▶ _Exercise objective_
In the records below, find the line that contains "Kite surfing in" and the line that contains "Dead-End - [soon] - Street (CD)"; write out exactly those two lines and everything between them, without the pictures.

▶ _Data for analysis_
++++
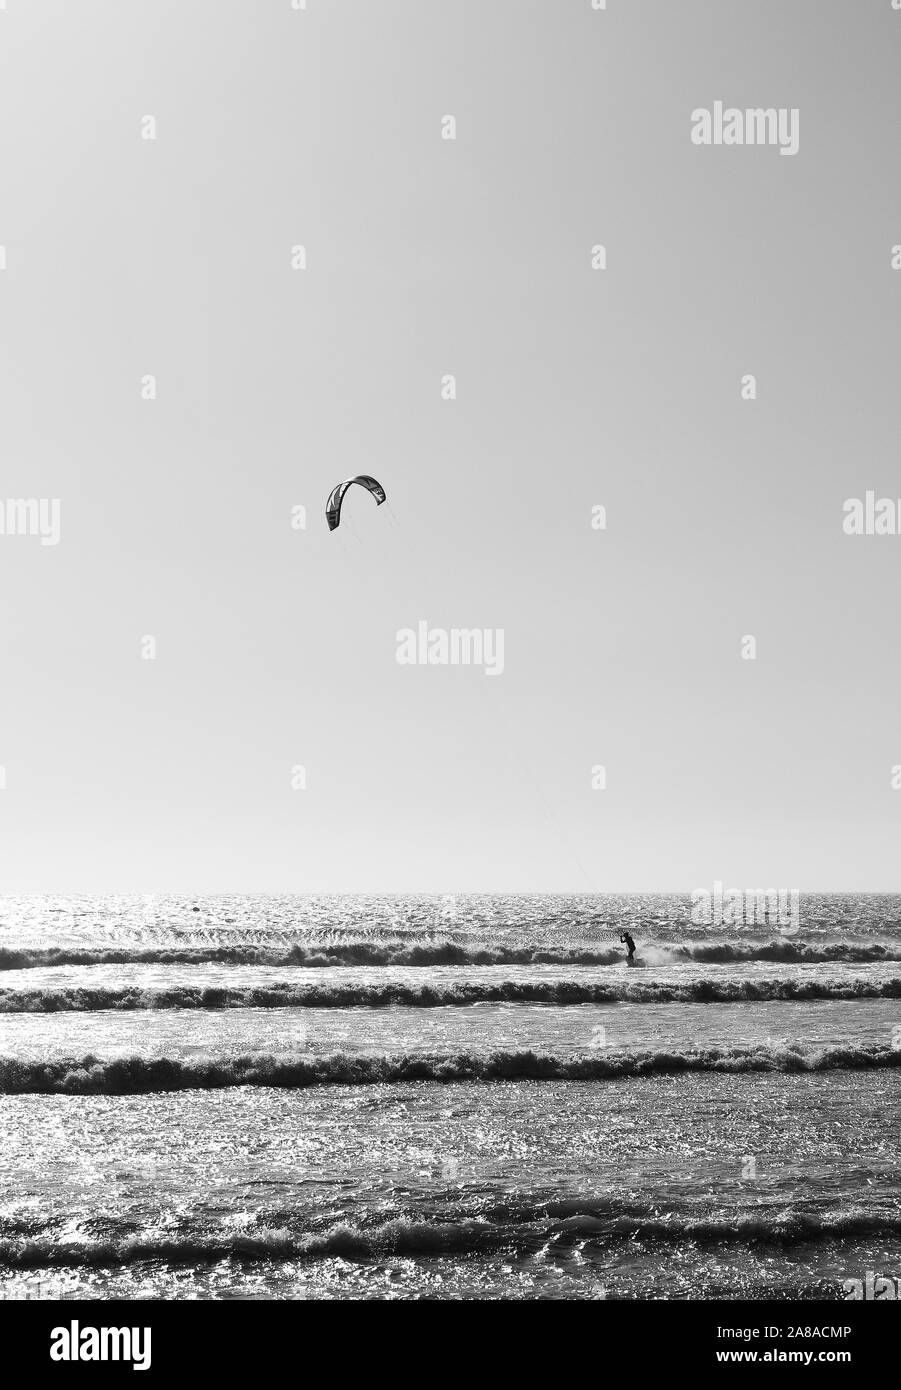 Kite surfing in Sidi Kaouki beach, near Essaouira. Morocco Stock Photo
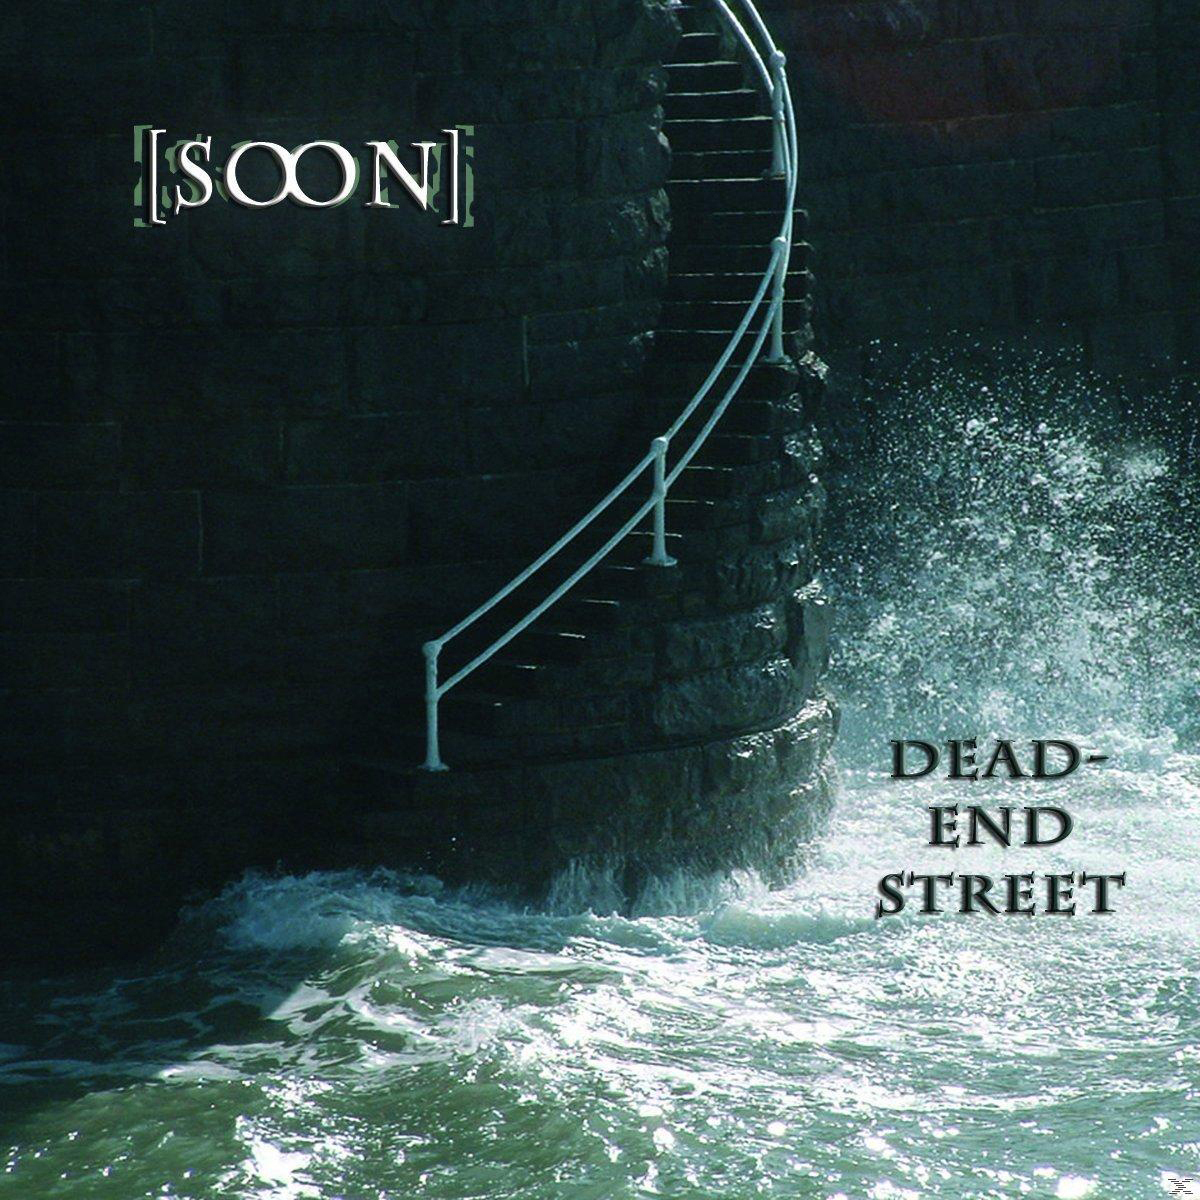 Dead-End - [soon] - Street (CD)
++++
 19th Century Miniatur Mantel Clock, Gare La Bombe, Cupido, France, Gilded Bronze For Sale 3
++++
▶ _Response_
 Kite surfing in Sidi Kaouki beach, near Essaouira. Morocco Stock Photo
 Dead-End - [soon] - Street (CD)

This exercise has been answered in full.